- **PROBLEM DETAILS**: All that is needed is an exact repetition of the lines from the one containing "Lt.-Col. J.R. Kirkpatrick, OC, officers" through the final line of the material, without pictures.

- **THE DATA**:
----

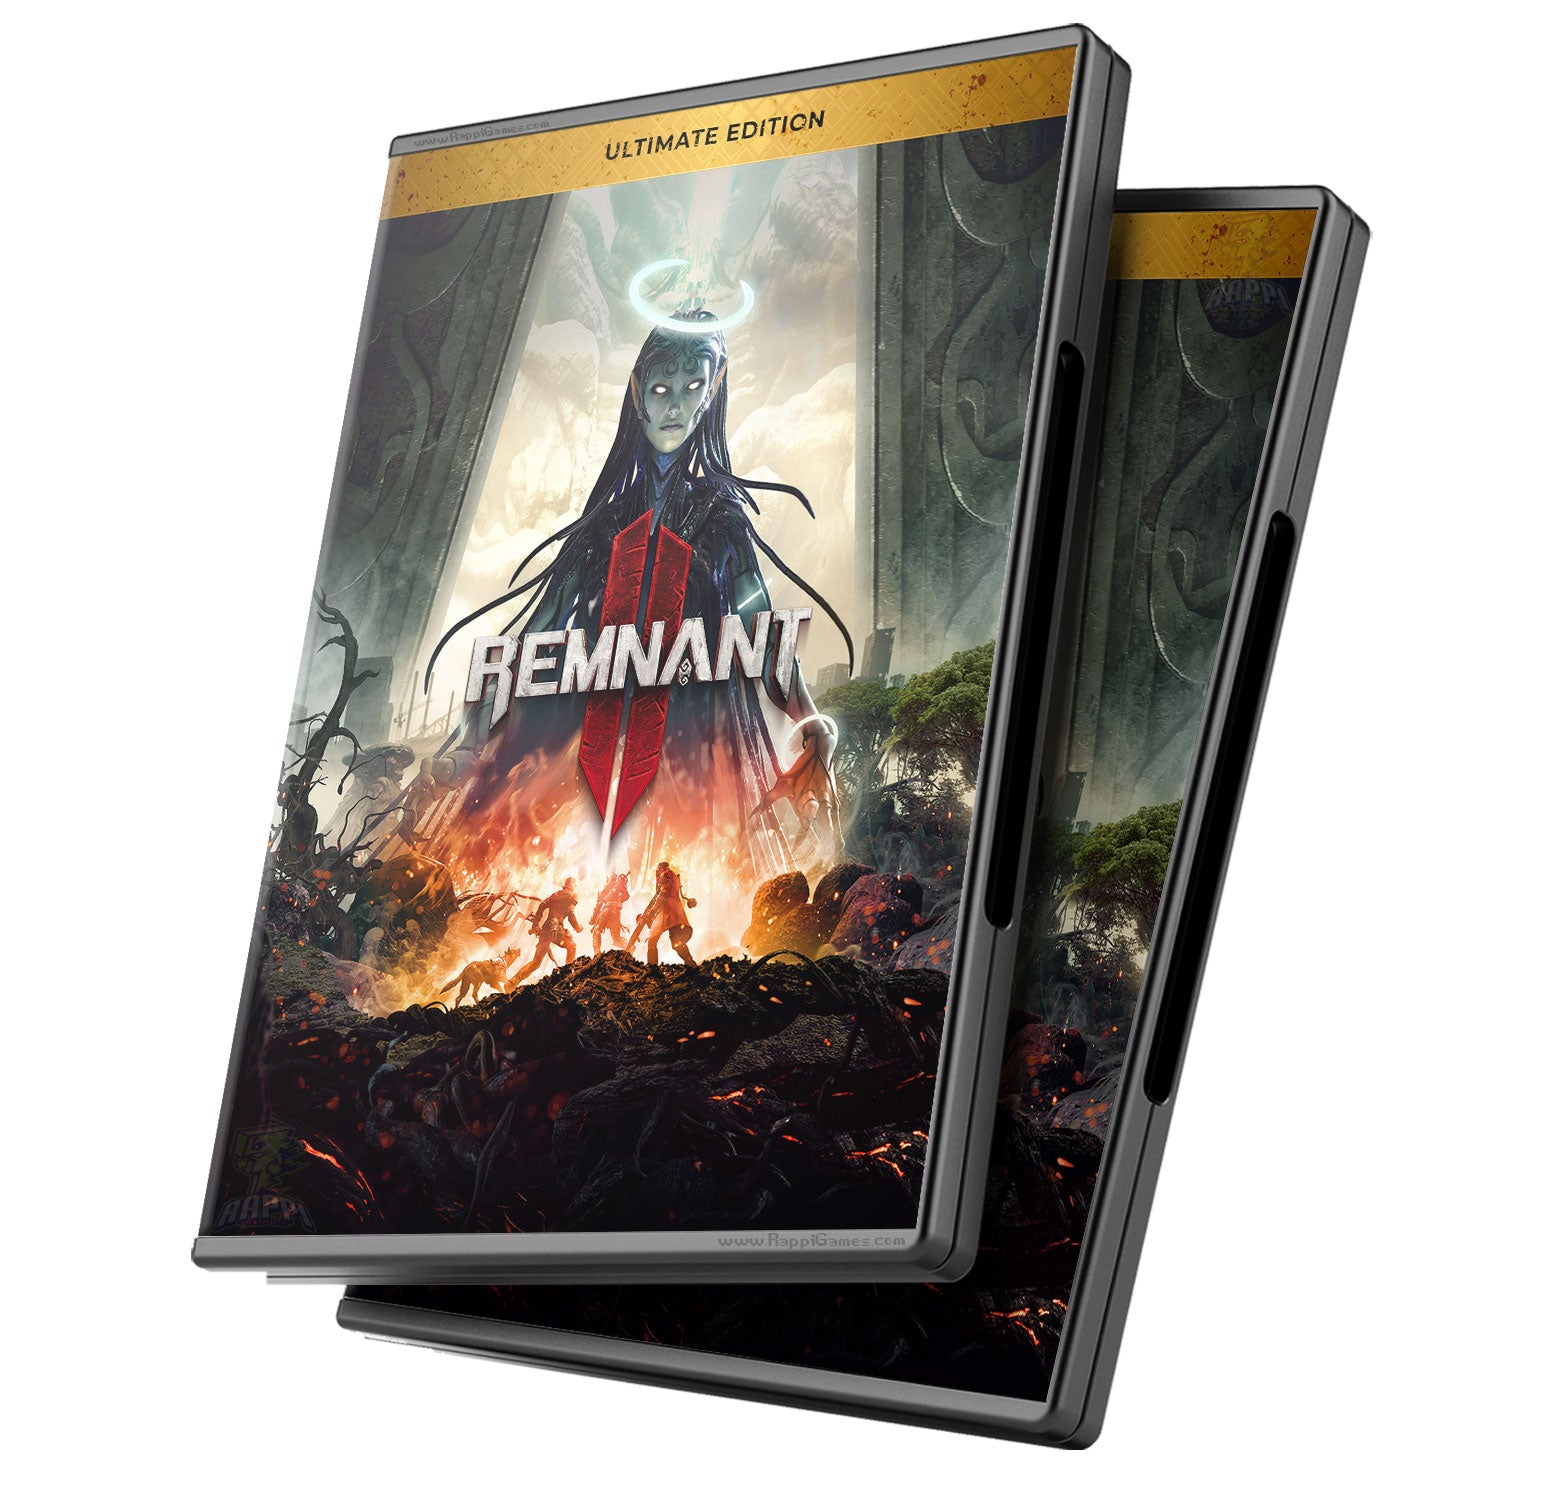 Remnant II Ultimate Edition - Pc
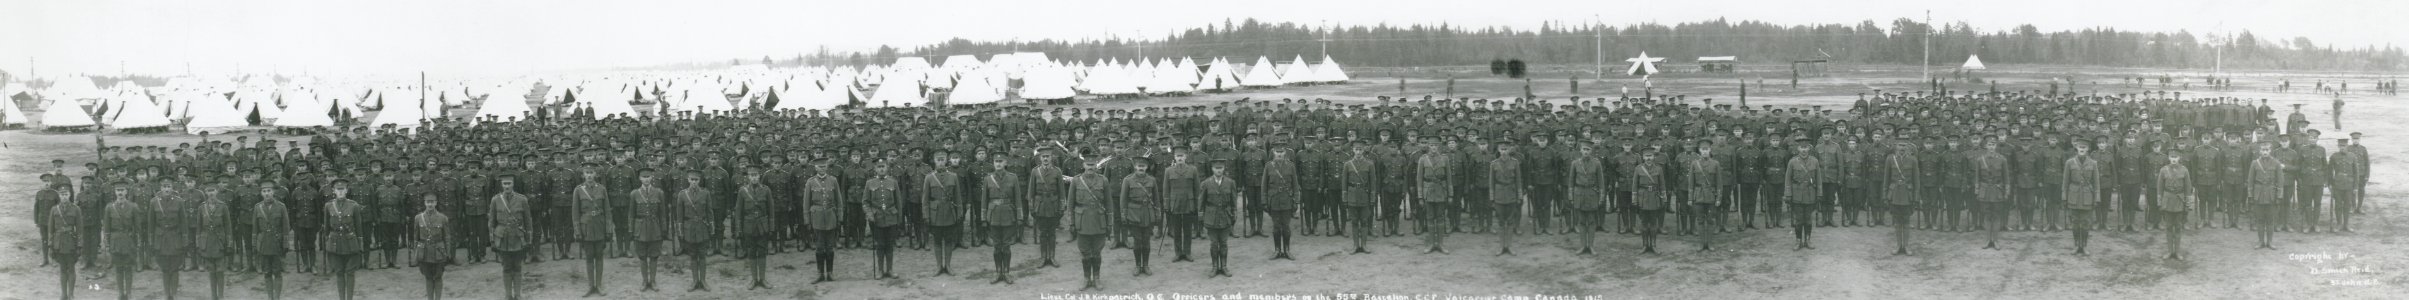 Lt.-Col. J.R. Kirkpatrick, OC, officers and members of the 55th Battalion, CEF, Valcartier Camp, Canada, 1915. No. 9 (HS85-10-30691) photo
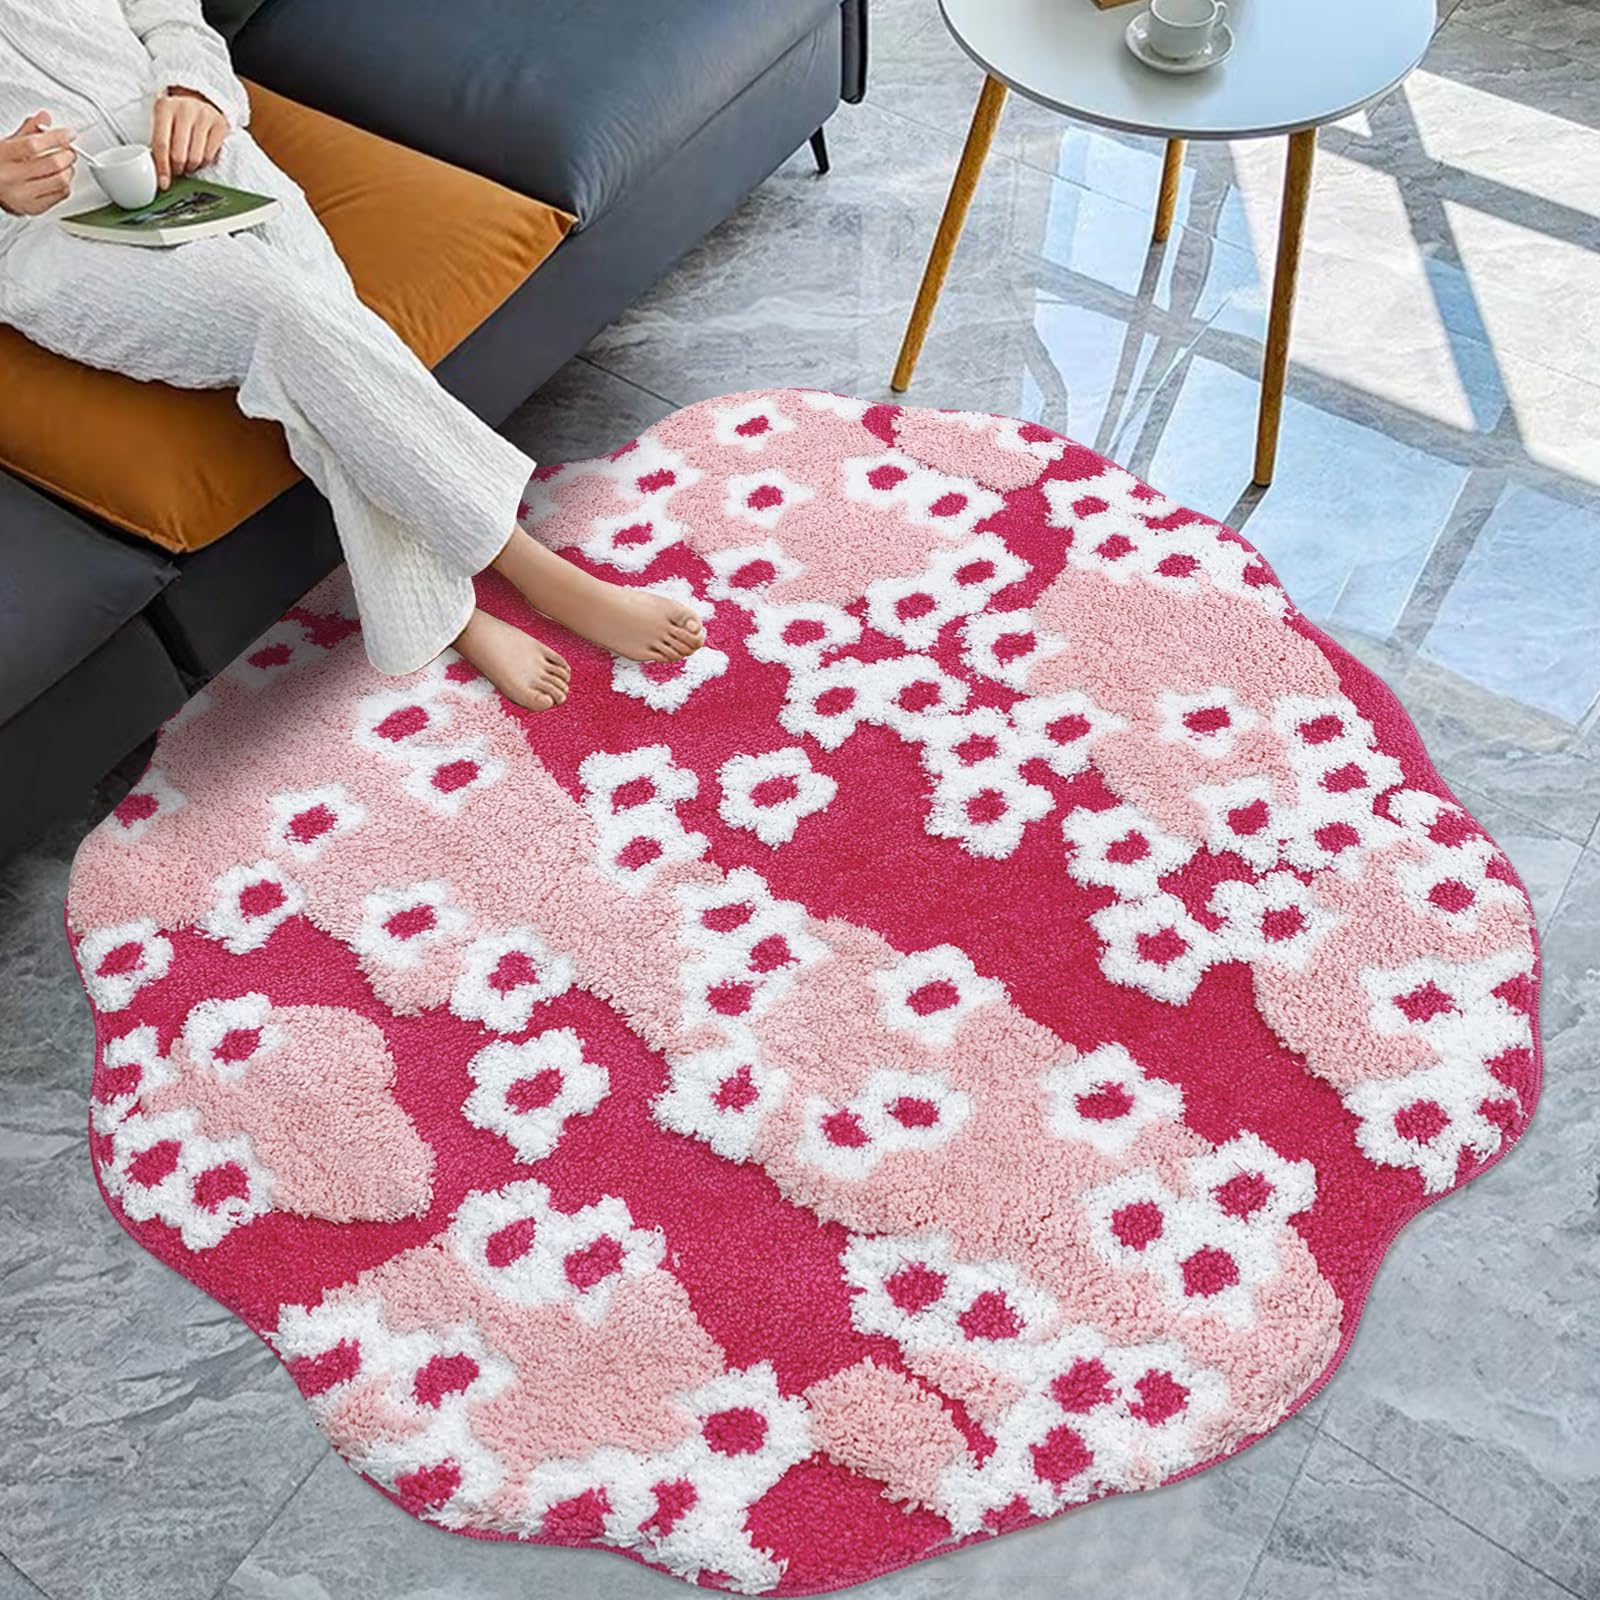 USTIDE Moss Area Rug, Floral Shape Area Rugs Super Fluffy and Washable Carpet Anti-Slip Round Farmhouse Floor Mat Multi-Colored Rug for Bedroom Playroom Kitchen Decor (Pink,39.3’’)

----

- **OUTPUT BELOW**:
 Lt.-Col. J.R. Kirkpatrick, OC, officers and members of the 55th Battalion, CEF, Valcartier Camp, Canada, 1915. No. 9 (HS85-10-30691) photo
 USTIDE Moss Area Rug, Floral Shape Area Rugs Super Fluffy and Washable Carpet Anti-Slip Round Farmhouse Floor Mat Multi-Colored Rug for Bedroom Playroom Kitchen Decor (Pink,39.3’’)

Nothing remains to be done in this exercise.